School of Mathematical Sciences, The University of Adelaide, Adelaide 5005, Australia.
College of Science and Engineering, Flinders University, GPO Box 2100, Adelaide5001, Australia.
J Theor Biol. 2021 Aug 21;523:110715. doi: 10.1016/j.jtbi.2021.110715. Epub 2021 Apr 20.
Biological experiments have shown that yeast can be restricted to grow in a uniaxial direction, vertically upwards from an agar plate to form a colony. The growth occurs as a consequence of cell proliferation driven by a nutrient supply at the base of the colony, and the height of the colony has been observed to increase linearly with time. Within the colony the nutrient concentration is non-constant and yeast cells throughout the colony will therefore not have equal access to nutrient, resulting in non-uniform growth. In this work, an agent based model is developed to predict the microscopic spatial distribution of labelled cells within the colony when the probability of cell proliferation can vary in space and time. We also describe a method for determining the average trajectories or pathlines of labelled cells within a colony growing in a uniaxial direction, enabling us to connect the microscopic and macroscopic behaviours of the system. We present results for six cases, which involve different assumptions for the presence or absence of a quiescent region (where no cell proliferation occurs), the size of the proliferative region, and the spatial variation of proliferation rates within the proliferative region. These six cases are designed to provide qualitative insight into likely growth scenarios whilst remaining amenable to analysis. We compare our macroscopic results to experimental observations of uniaxial colony growth for two cases where only a fixed number of cells at the base of the colony can proliferate. The model predicts that the height of the colony will increase linearly with time in both these cases, which is consistent with experimental observations. However, our model shows how different functional forms for the spatial dependence of the proliferation rate can be distinguished by tracking the pathlines of cells at different positions in the colony. More generally, our methodology can be applied to other biological systems exhibiting uniaxial growth, providing a framework for classifying or determining regions of uniform and non-uniform growth.
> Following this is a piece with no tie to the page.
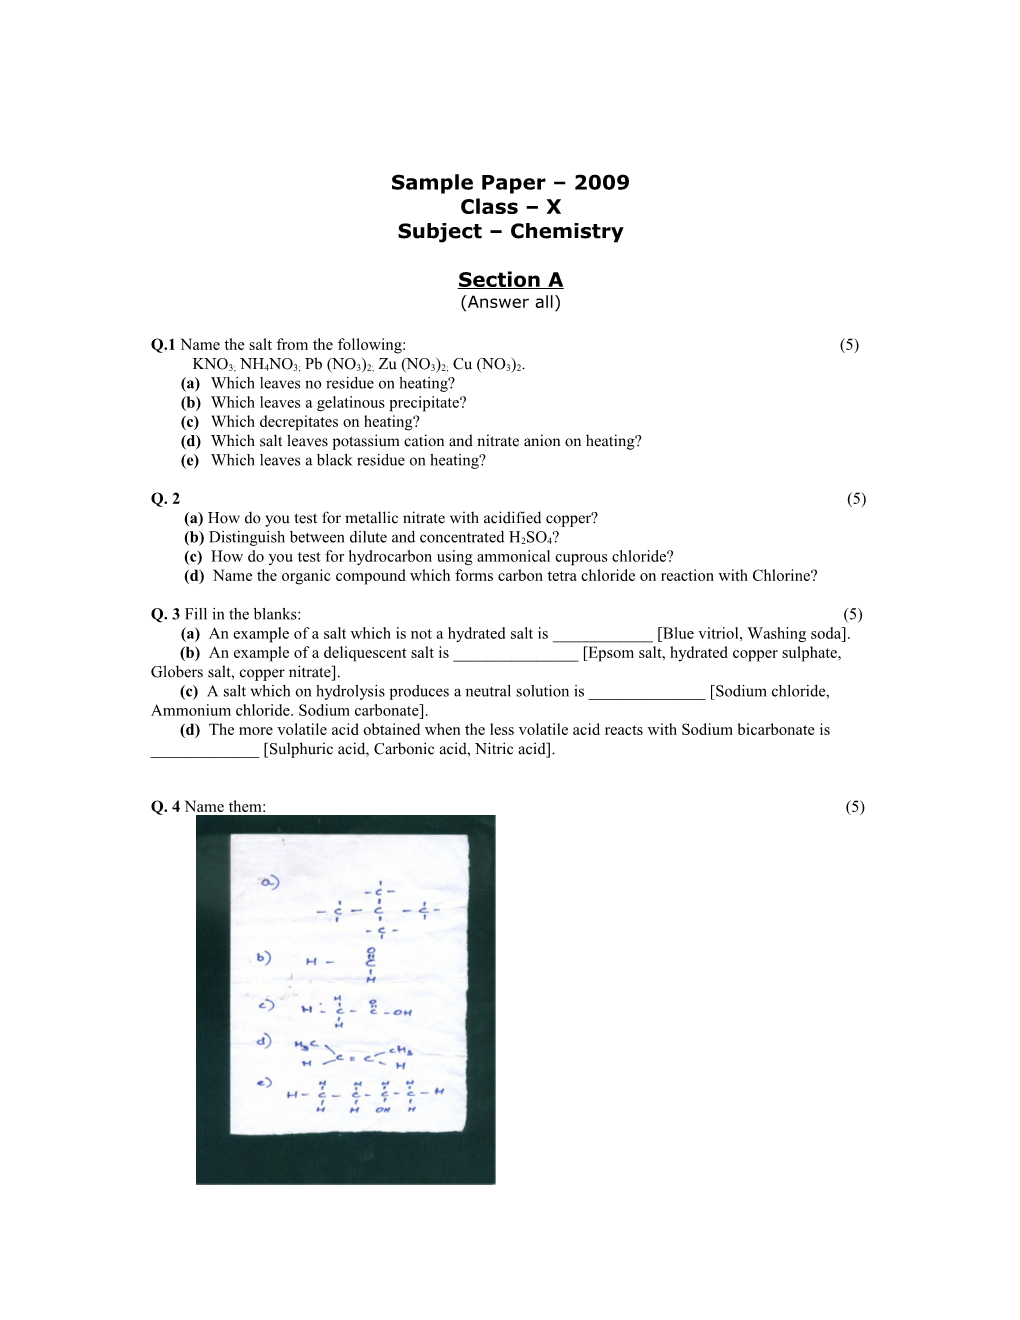 Sample Paper 2009 Class X Subject Chemistry
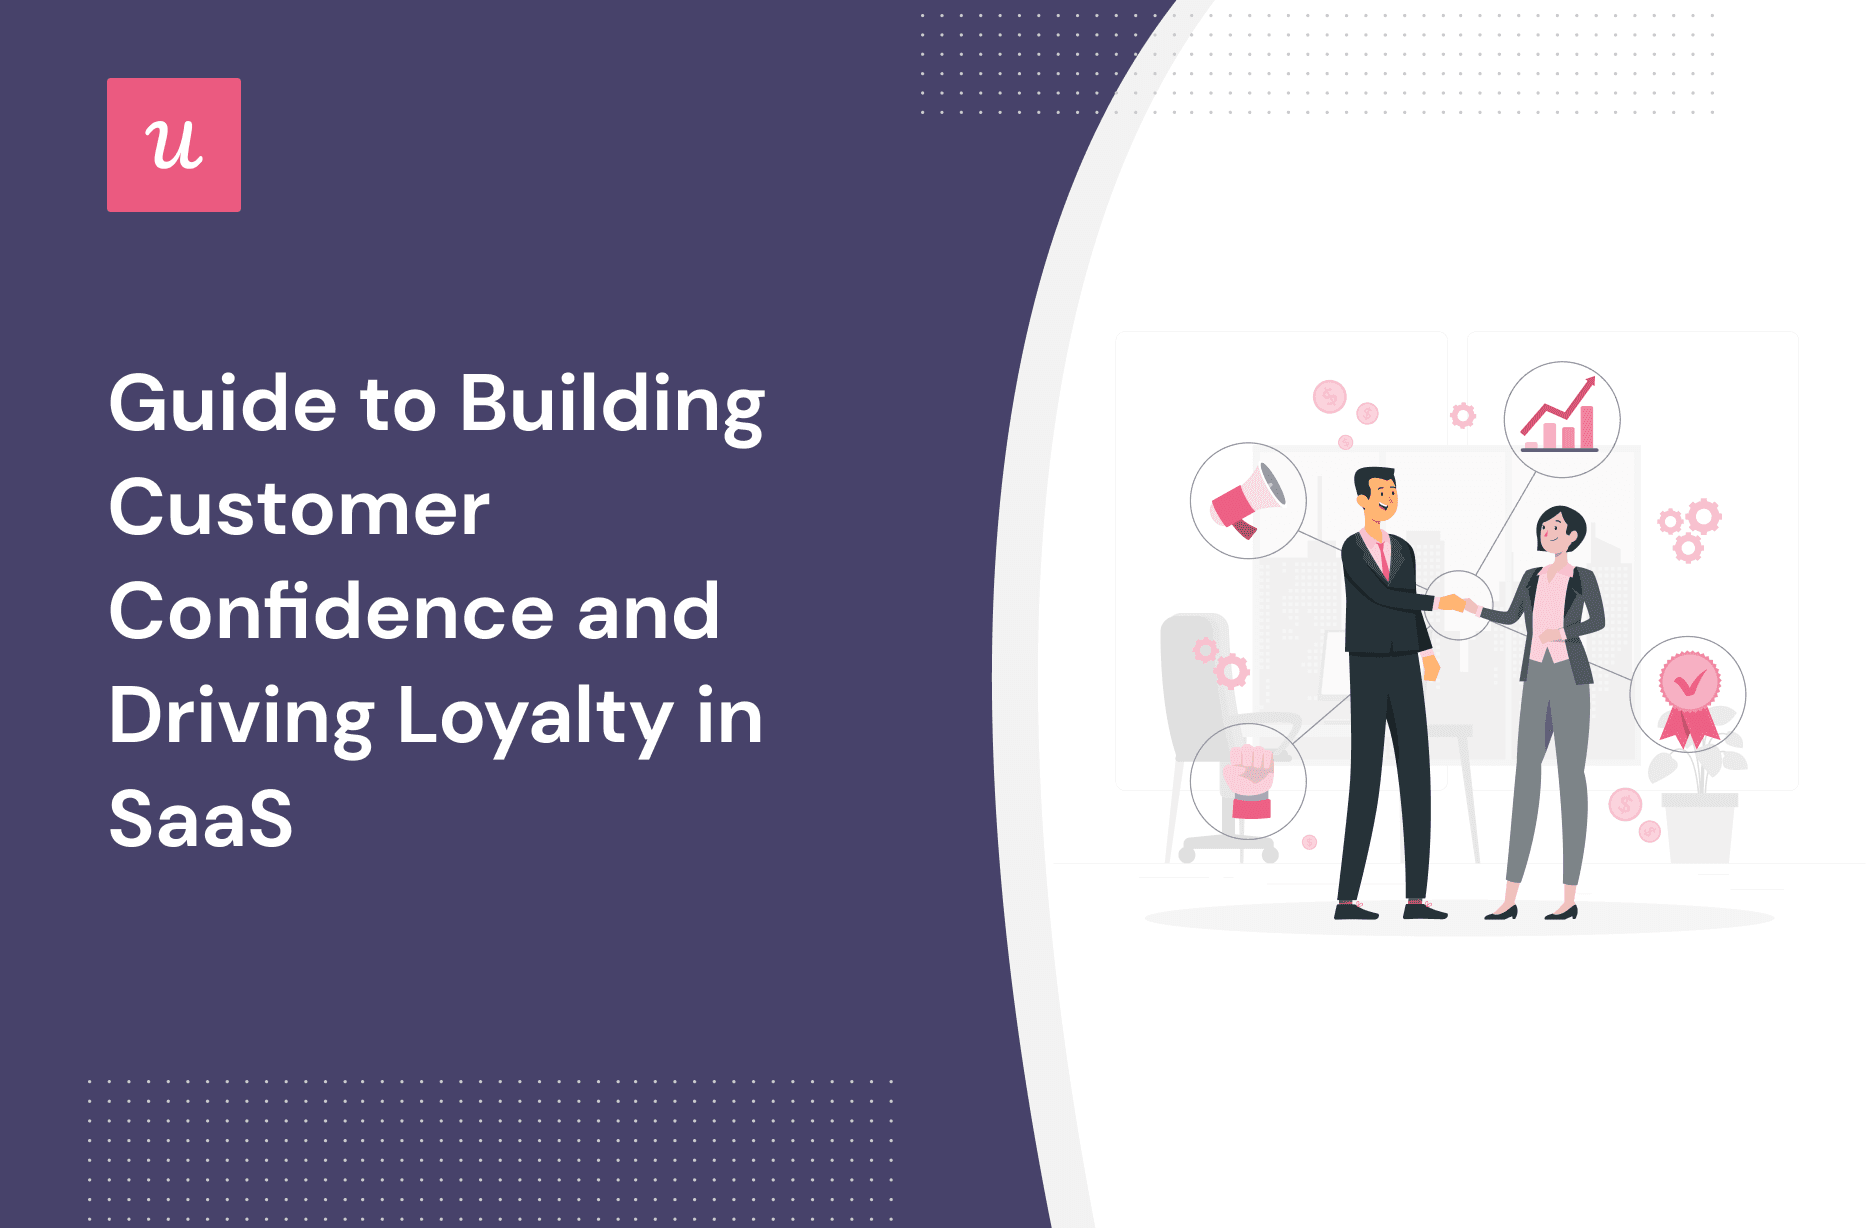 Guide to Building Customer Confidence and Driving Loyalty in SaaS cover

生物实验表明,酵母可以被限制在琼脂平板上沿单轴方向向上生长,形成菌落。这种生长是由于菌落底部的营养供应驱动的细胞增殖引起的,并且观察到菌落的高度随时间呈线性增加。在菌落内,营养浓度不是恒定的,因此菌落中的酵母细胞不会平等地获得营养,导致生长不均匀。在这项工作中,我们开发了一个基于代理的模型,用于预测当细胞增殖概率可以随空间和时间变化时,标记细胞在菌落内的微观空间分布。我们还描述了一种方法,用于确定在单轴方向上生长的菌落中标记细胞的平均轨迹或路径线,从而使我们能够将系统的微观和宏观行为联系起来。我们提出了六种情况的结果,这些情况涉及到有无静止区(无细胞增殖发生)、增殖区大小以及增殖区内增殖率的空间变化的不同假设。这六种情况旨在提供定性的增长情景洞察,同时仍易于分析。我们将我们的宏观结果与两种情况下单轴菌落生长的实验观察结果进行了比较,在这两种情况下,只有菌落底部的固定数量的细胞可以增殖。模型预测在这两种情况下,菌落的高度将随时间呈线性增加,这与实验观察结果一致。然而,我们的模型表明,通过跟踪菌落中不同位置的细胞路径线,可以区分增殖率的空间依赖性的不同函数形式。更一般地说,我们的方法可以应用于表现出单轴生长的其他生物系统,为分类或确定均匀和不均匀生长区域提供框架。